By Ravendra Madholall in Toronto
Many cricketing fans have infinite expressions of saying West Indies should do this and they should not do that to avert a series loss against New Zealand, who have taken the lead much to the delight of their supporters.

Captain Darren Sammy celebrates with fellow teammates. Photo: Andrew Cornaga/photosport.co.nz

The tourney is a three-match test series and 1-0 reads an equation of interest after the opening encounter ended in a stalemate as the tourists miraculously escaped a certain defeat owing to rain.

As much as the West Indies’ batting is the key, it is potentially an area of vulnerability. Another starling, inexplicable collapse of alarming proportion in the penultimate test after many would have been cognizant of their batting effort, and thanks to Darren Bravo.

The left-hander, who is a genuine promise in the lineup, was very selective with his shots and he ultimately registered a double-century with high class stroke-play in the first game. On the same pitch, the hosts were definitely overjoyed to see two of their own compiled hundreds with consummate ease.

Skipper Darren Sammy, who has typified his critics once again with an inept leadership in the second match, but remains an optimist and promised to deliver with a win in the third and final test, not only for himself but by greater extension to West Indies’ cricket lovers as the Holiday season looms.

Their loss in the second engagement by an innings and 53 runs demonstrated a rapid decline after they had shown greater commitment and dynamism in the first game.

The absence of Chris Gayle is very telling as the world knows his capability at the top and he could have been a force to reckon with especially against New Zealand, who he had scored a triple-century in the five-day format already.

Shivnarine Chanderpaul is a veteran and has been typically cool, calm and collective while Bravo showed support with timely runs but on an inconsistent basis.

What about the much-touted world-class middle-order batsman Marlon Samuels? He is an elegant right-hander from the Caribbean island of Jamaica and many still remember his stunning knock last year which propelled West Indies to the historic ICC T20 World Cup champion.

Not a big impression with bat, but there are expressions of him being poor and runs are dried up, an indication of his out-of-form patch but seemed to have regained the confidence and hopes of matching his skills of New Zealand’s confident bowling brigade under interminable scrutiny.
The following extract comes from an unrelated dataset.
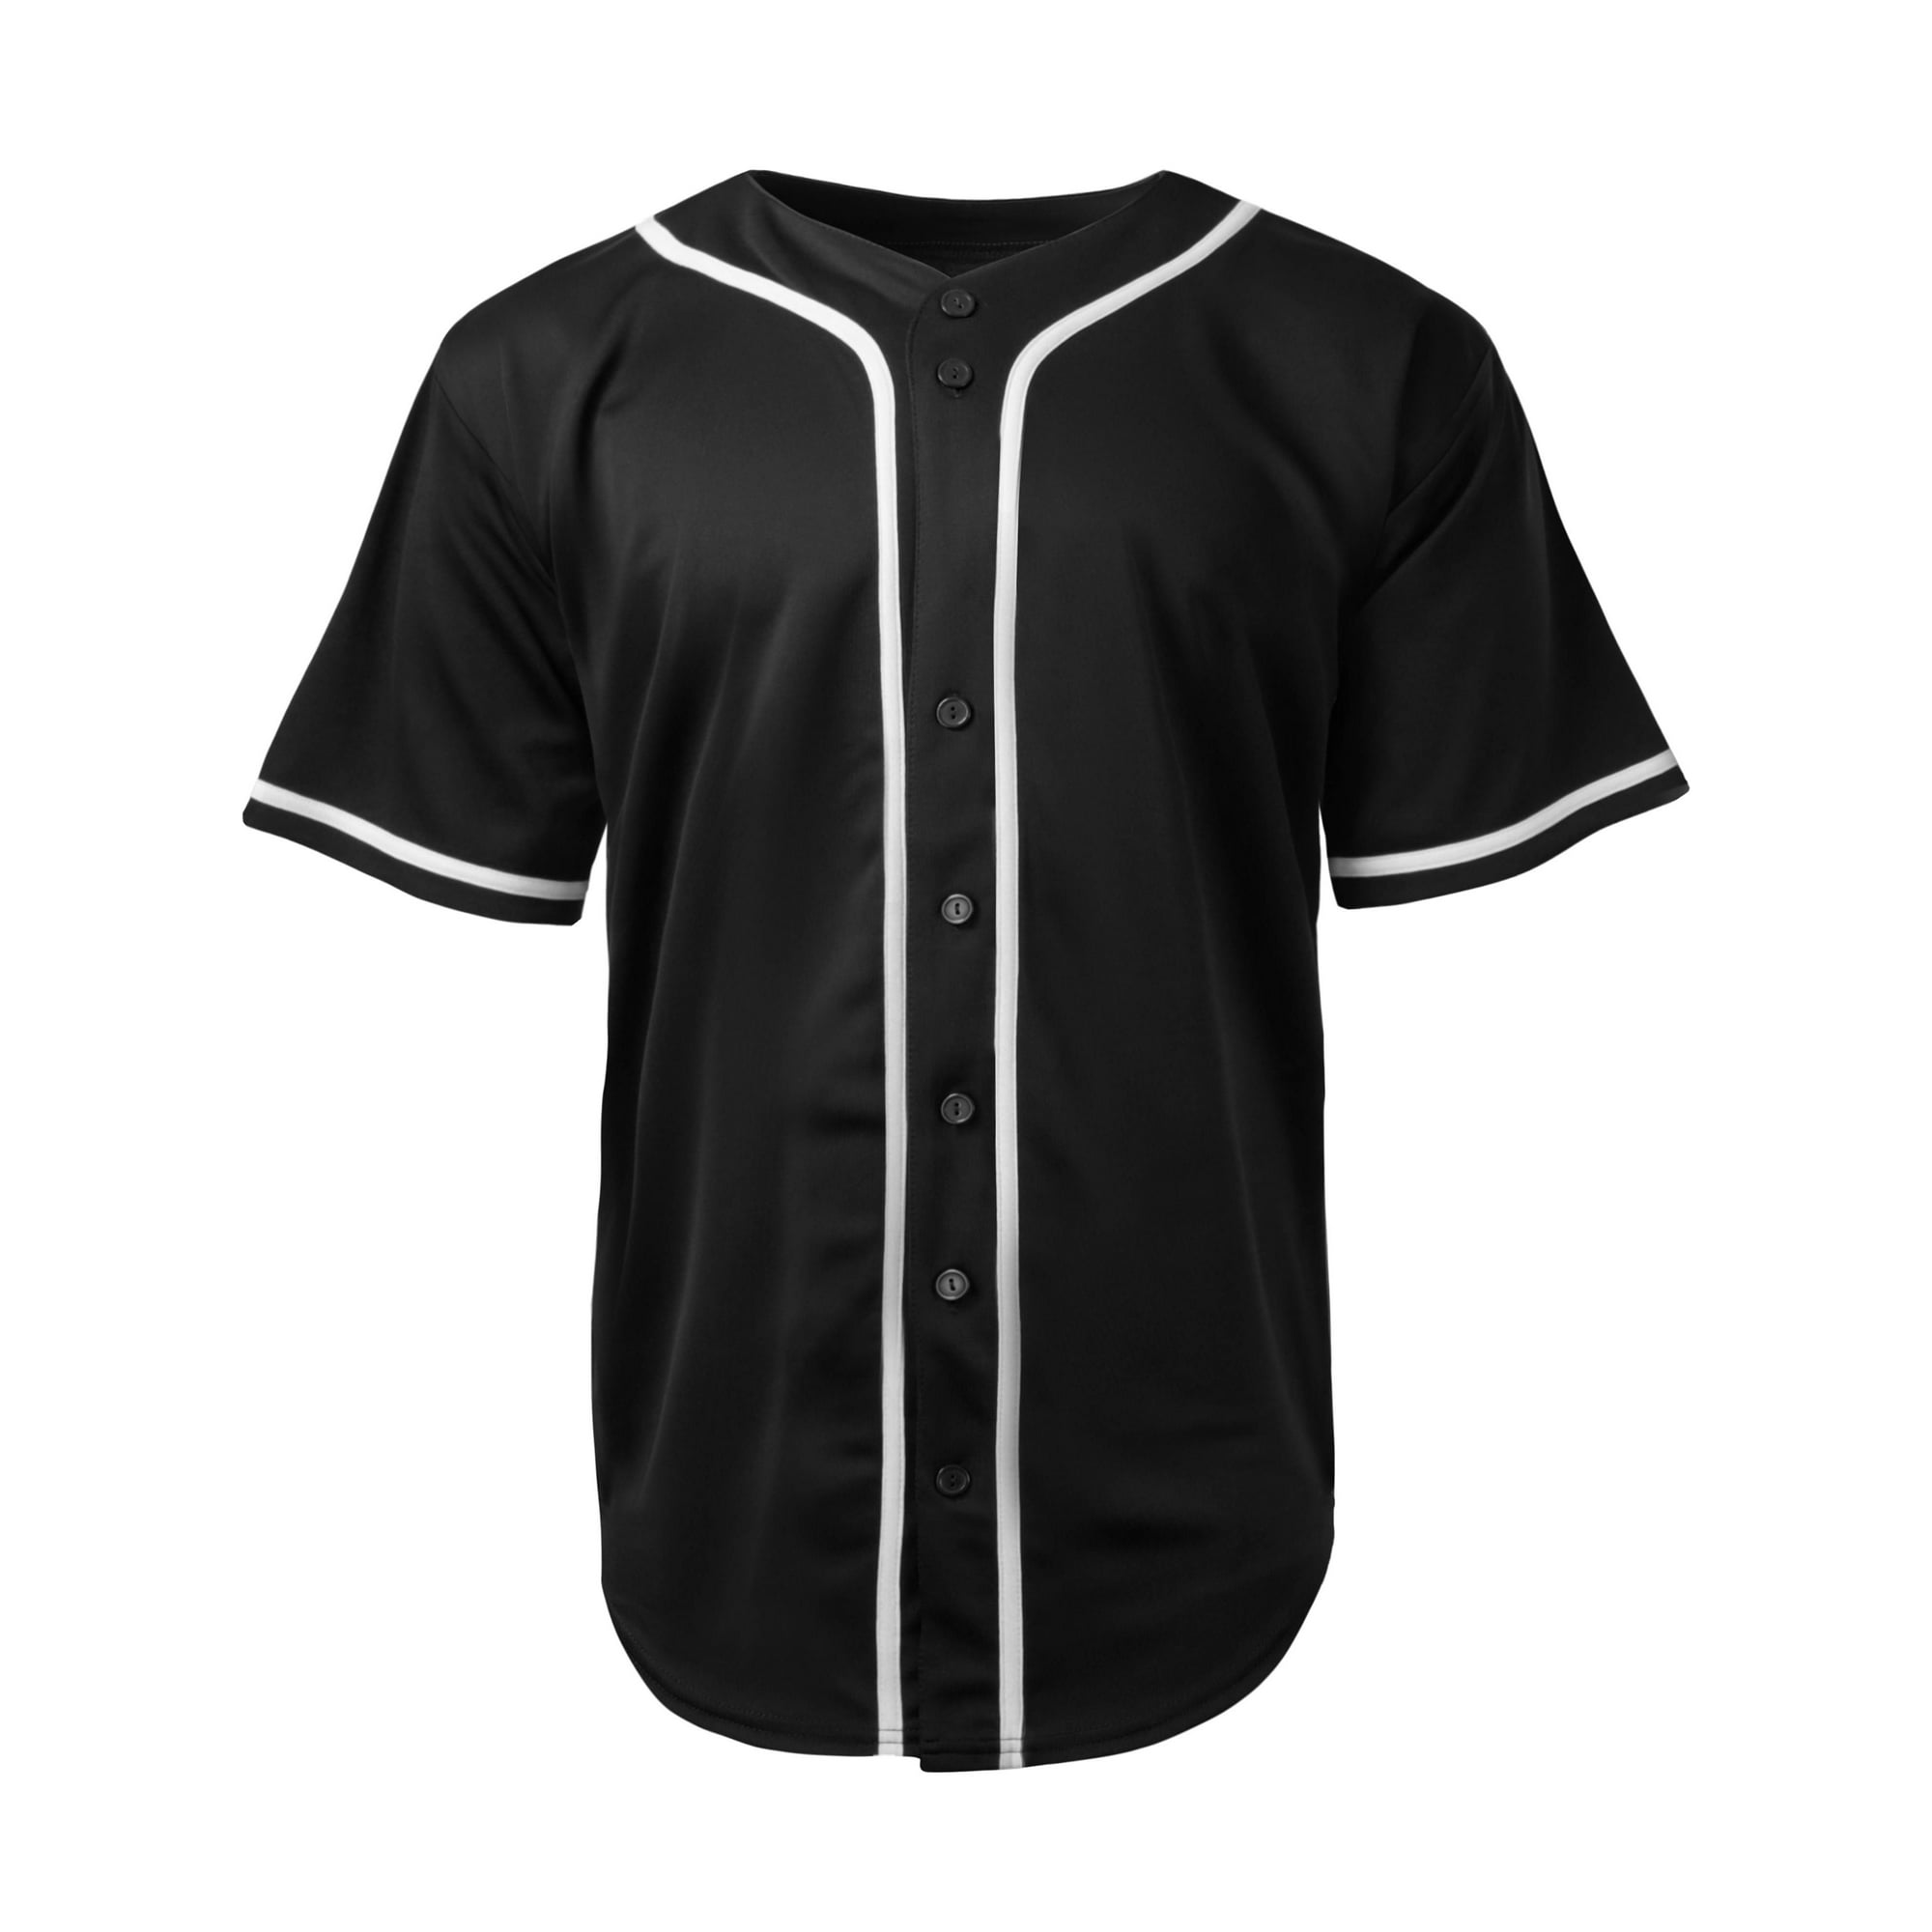 Ma Croix Mens Team Sports Printable Blank Jersey Baseball Collar Button Up T Shirts, Men's, Size: Large, Black

If Gayle created a hole at the top, Kirk Edwards and Kieran Powell have found it hard to fill the gap with any sort of tenacity and solidity. The opening combination persistently maintains a huge problem since the exit of Gordon Greenidge and Desmond Haynes, two powerful openers from Barbados.

A left-hander who is still struggling to find consistency is Guyanese Narsingh Deonarine and he has failed to capitalize on the opportunity with the bat but his occasional off-spin can be an asset to keep him on a regular basis for this current tour.

There is a steady thought that these batsmen, with the exception of Chanderpaul, have technical faults and fundamentally the approach especially to the pacy men, is much a deeper worry.

Denesh Ramdin is among the failures and his batting has taken a sudden decline while Sammy’s place is unjustifiable in both departments of the game but he has shown grit and determination to succeed as a captain and an all-rounder.

We have seen improvement in the batting particularly in the first test and there was a burst of momentum and the guys predicted heavily of a triumph but inside three days, they were whipped like a stubborn school boy who is unwilling to submit his homework.

Head coach Otis Gibson was apparently angry with the results and ensured the harsh words resonated in the dressing room just after the defeat reached in the public domain.

According to report, there was ‘lacked of fight and embarrassed’, and no doubt this kind of expression will be taken into consideration by the selectors to alter the final team for the next game, which commences on Thursday at Hamilton.

He criticized the team for the poor result and probably after he was in state of optimism of carrying the game at least to the fifth day rather than succumbed on the third day, which further epitomized the weakness and unprofessionalism.

His bowlers distinctly failed to take twenty wickets and that also illustrated the lack of penetration from his fast-bowling armory and the highly expected off-spinner Shane Shillingford who was set to be the trump card on a pitch that behaved nicely for the duration of the match was also inaccurate.

Gibson, a former Barbados and West Indies fast bowler described the subtle bowling variation was missing from his main specialist Shillingford and they opted to go with the same team that featured in the first test.

He relied on the players and was full of confidence that they would have taken out lots of positives from the drawn confrontation.

It was a total disappointment for him and that may have evoked the accusation he made. He certainly lacked the effort to motivate his players, and many coaches have found that a challenging factor especially in this modernizing days of test cricket.

A limited-over series will be followed as soon as this test match is completed and with two of their essential batsmen in this version are missing again due to injuries, Dwayne Bravo and company should be in for a contest in all five fixtures and the batting is again will be up against the intimidating and energetic home team bowlers.

Gayle and hard-hitting Kieron Pollard are the men who would not make it to New Zealand.